Malgré cet incident, MtGox devient rapidement « la principale plate-forme d'échange de bitcoins », explique Philippe Herlin, économiste et auteur de La fin des banques, comment la technologie va changer votre argent (Eyrolles, 2015), contacté par VICE News ce vendredi.

En janvier 2014, un document affirmant que le site a perdu 750 000 bitcoins circule sur Internet. Mark Karpelès, dont le nom a été également mentionné dans l'affaire Silk Road, évoque alors une nouvelle faille informatique. Les utilisateurs, qui ne peuvent plus accéder à leur porte-monnaie, sont furieux. En février, l'entreprise fait faillite et stoppe ses transactions en admettant avoir perdu 850 000 bitcoins, pour une valeur de près de 350 millions d'euros.

« On ne sait pas ce qu'il s'est passé. Mark Karpelès dit que c'est un vol. Mais il semble qu'il cherche à se couvrir. Cela peut aussi être un vol interne, ou même une erreur informatique. Perdre la clé privée des comptes, c'est comme perdre la clé d'un coffre, sans pouvoir le casser, » explique Philippe Herlin.

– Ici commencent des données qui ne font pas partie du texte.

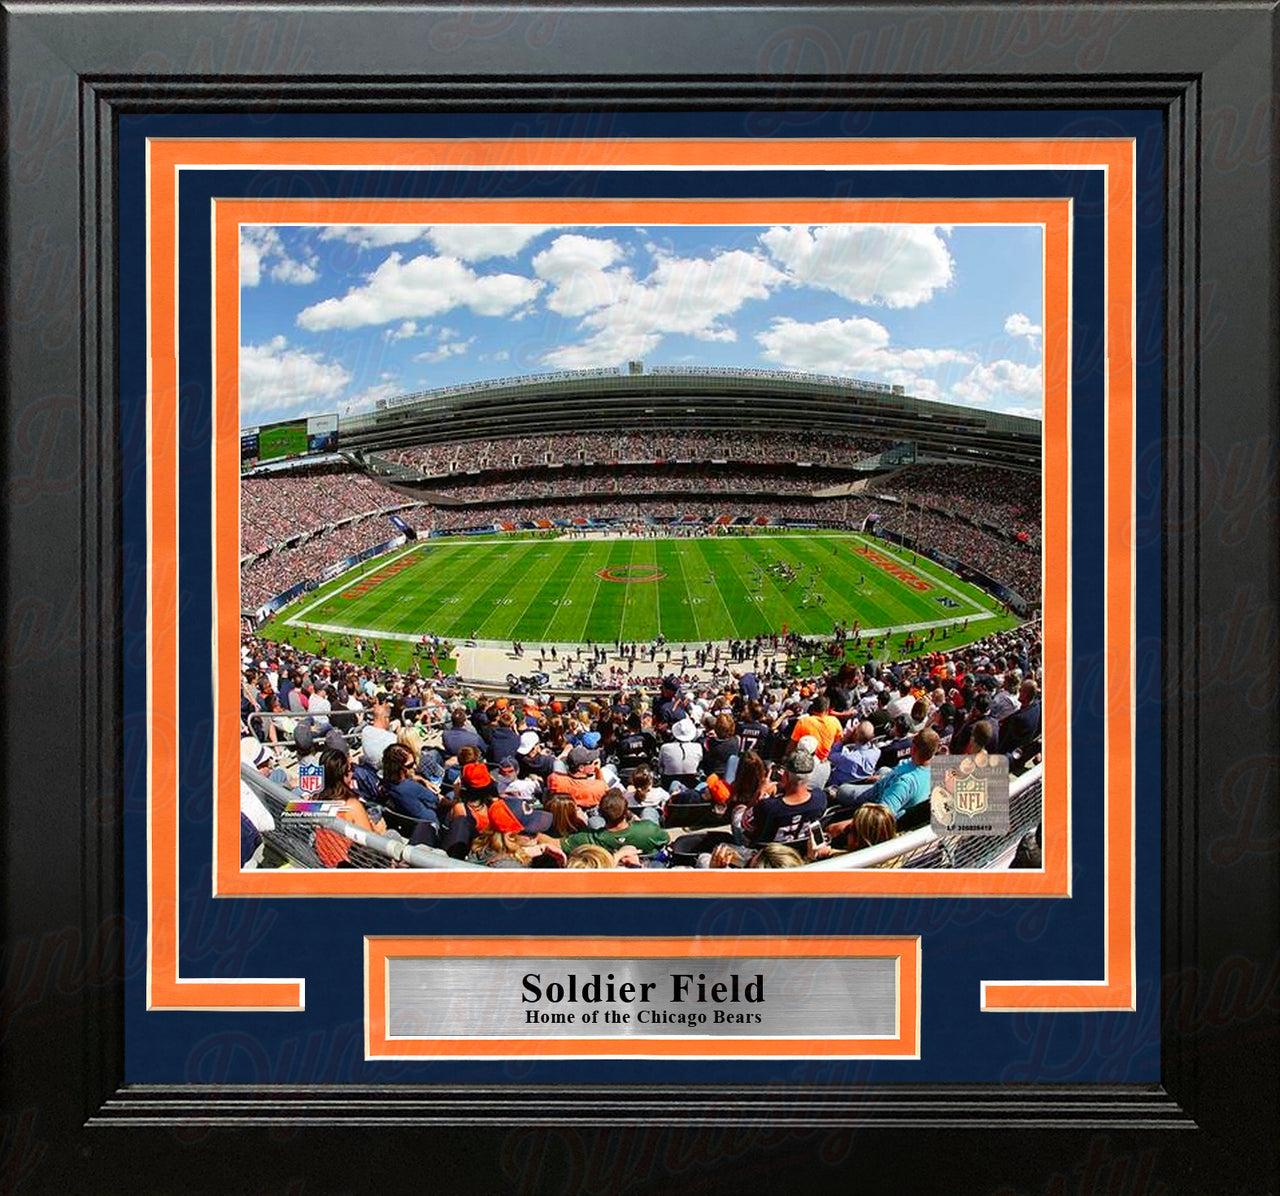 Chicago Bears Soldier Field 8" x 10" Framed Football Stadium Photo - Dynasty Sports & Framing

Dans une interview qu'il a donnée depuis la faillite de MtGox, Mark Karpelès a déclaré que sa principale erreur était d'avoir négligé la sécurité : « pas seulement la sécurité du système, mais aussi dans les bureaux. On a eu des cas d'infiltration dans les bureaux, où des personnes extérieures ont pris des choses. On a eu au moins un ancien employé qui a volé des données. »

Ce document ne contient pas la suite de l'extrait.